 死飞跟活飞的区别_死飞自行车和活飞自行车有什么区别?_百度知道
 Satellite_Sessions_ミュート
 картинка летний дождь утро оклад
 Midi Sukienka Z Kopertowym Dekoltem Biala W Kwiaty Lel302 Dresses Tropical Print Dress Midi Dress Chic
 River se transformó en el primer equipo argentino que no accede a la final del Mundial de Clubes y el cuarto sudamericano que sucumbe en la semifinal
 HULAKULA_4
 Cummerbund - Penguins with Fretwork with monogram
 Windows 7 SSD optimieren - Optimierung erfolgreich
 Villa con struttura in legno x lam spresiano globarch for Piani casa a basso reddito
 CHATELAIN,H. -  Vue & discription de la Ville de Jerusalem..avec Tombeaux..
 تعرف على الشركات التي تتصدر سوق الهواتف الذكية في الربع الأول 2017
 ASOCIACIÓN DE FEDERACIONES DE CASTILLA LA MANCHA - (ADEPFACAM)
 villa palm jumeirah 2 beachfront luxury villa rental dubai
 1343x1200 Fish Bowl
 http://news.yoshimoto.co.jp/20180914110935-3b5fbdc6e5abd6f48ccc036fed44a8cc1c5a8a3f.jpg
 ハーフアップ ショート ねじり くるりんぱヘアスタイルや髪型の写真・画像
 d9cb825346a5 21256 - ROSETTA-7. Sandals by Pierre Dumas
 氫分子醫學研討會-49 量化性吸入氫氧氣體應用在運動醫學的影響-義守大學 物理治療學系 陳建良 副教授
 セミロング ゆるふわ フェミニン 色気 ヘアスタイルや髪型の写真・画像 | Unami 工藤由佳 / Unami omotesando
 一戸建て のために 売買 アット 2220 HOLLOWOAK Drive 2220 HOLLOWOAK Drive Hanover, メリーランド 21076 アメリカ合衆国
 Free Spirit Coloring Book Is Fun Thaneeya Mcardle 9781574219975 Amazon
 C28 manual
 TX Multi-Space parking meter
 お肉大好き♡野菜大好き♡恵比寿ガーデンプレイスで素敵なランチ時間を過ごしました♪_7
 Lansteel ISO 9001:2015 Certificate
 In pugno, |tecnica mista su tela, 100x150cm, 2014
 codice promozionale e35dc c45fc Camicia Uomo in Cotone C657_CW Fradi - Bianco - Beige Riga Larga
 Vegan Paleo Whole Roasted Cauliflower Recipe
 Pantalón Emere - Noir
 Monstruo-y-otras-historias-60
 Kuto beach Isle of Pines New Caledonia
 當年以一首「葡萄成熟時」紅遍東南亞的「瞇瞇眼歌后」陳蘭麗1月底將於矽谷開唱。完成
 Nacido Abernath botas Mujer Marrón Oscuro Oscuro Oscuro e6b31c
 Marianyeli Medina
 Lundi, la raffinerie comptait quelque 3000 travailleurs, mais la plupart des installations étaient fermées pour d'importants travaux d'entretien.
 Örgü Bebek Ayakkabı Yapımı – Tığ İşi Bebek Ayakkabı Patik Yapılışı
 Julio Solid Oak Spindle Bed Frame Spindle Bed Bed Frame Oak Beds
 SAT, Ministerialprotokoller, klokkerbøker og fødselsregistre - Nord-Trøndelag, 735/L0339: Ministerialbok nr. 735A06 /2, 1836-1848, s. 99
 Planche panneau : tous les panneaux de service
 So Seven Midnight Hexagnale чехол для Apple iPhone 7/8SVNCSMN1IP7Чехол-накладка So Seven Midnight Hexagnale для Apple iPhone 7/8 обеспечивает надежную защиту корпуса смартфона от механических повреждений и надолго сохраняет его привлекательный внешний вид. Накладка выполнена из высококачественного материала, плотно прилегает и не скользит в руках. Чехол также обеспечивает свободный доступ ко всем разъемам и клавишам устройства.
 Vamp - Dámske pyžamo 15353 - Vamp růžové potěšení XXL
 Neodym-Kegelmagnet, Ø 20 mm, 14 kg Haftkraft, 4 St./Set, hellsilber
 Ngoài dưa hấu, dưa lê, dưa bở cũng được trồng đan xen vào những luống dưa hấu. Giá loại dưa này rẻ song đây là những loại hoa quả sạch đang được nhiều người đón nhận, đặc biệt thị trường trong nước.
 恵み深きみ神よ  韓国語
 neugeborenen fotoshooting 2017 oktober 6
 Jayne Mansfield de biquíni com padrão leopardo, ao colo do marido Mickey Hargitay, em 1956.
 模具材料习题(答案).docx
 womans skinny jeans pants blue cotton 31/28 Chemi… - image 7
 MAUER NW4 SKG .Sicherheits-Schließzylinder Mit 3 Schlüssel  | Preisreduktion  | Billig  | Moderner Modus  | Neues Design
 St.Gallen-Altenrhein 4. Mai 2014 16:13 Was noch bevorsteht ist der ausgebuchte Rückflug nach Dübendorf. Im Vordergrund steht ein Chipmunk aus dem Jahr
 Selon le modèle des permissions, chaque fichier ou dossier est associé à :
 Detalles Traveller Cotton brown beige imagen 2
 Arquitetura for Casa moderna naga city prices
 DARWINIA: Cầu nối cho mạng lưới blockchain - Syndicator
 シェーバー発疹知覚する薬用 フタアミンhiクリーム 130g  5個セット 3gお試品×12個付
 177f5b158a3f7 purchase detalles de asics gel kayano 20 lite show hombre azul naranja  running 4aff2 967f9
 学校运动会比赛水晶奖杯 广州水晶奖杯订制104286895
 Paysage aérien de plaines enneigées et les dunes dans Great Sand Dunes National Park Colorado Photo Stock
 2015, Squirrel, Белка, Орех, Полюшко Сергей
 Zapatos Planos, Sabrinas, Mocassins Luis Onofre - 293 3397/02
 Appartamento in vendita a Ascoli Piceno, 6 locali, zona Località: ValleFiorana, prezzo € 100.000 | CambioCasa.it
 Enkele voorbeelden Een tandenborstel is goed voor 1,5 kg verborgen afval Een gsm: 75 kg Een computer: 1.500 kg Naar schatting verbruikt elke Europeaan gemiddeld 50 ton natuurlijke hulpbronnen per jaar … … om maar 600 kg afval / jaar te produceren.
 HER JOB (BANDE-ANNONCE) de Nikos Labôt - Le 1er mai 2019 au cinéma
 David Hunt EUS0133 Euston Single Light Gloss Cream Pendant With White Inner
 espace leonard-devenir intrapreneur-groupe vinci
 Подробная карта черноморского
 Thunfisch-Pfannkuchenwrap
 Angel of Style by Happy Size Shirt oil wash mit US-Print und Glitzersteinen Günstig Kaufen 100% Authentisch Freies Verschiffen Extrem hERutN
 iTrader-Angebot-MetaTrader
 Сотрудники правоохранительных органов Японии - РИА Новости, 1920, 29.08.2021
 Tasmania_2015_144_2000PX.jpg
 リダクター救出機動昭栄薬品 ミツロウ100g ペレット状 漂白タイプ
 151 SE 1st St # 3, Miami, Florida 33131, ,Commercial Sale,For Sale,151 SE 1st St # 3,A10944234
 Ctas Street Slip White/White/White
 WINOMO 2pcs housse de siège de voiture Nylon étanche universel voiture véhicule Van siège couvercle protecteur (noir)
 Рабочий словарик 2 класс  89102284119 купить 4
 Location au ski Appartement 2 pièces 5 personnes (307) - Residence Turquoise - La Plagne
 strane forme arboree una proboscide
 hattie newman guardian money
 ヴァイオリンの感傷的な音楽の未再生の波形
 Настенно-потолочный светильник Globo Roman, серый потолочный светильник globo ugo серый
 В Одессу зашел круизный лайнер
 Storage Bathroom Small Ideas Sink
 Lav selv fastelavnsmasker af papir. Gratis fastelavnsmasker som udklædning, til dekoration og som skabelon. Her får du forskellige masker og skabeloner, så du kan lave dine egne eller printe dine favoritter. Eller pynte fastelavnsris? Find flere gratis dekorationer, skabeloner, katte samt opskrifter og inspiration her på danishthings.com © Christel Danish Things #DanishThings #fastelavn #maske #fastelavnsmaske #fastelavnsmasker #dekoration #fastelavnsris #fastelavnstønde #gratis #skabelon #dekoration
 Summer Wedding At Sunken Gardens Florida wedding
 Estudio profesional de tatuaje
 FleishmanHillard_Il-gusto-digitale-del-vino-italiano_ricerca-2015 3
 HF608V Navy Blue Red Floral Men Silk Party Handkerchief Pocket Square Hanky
^^^^^^^^
§ **WHAT THIS TASK INVOLVES**
Print only the lines that run from the start of the listing to the line bearing "Midi Sukienka Z"; please keep the first line and that last one, exactly as they appear.

§ **EXPECTED OUTPUT**
 死飞跟活飞的区别_死飞自行车和活飞自行车有什么区别?_百度知道
 Satellite_Sessions_ミュート
 картинка летний дождь утро оклад
 Midi Sukienka Z Kopertowym Dekoltem Biala W Kwiaty Lel302 Dresses Tropical Print Dress Midi Dress Chic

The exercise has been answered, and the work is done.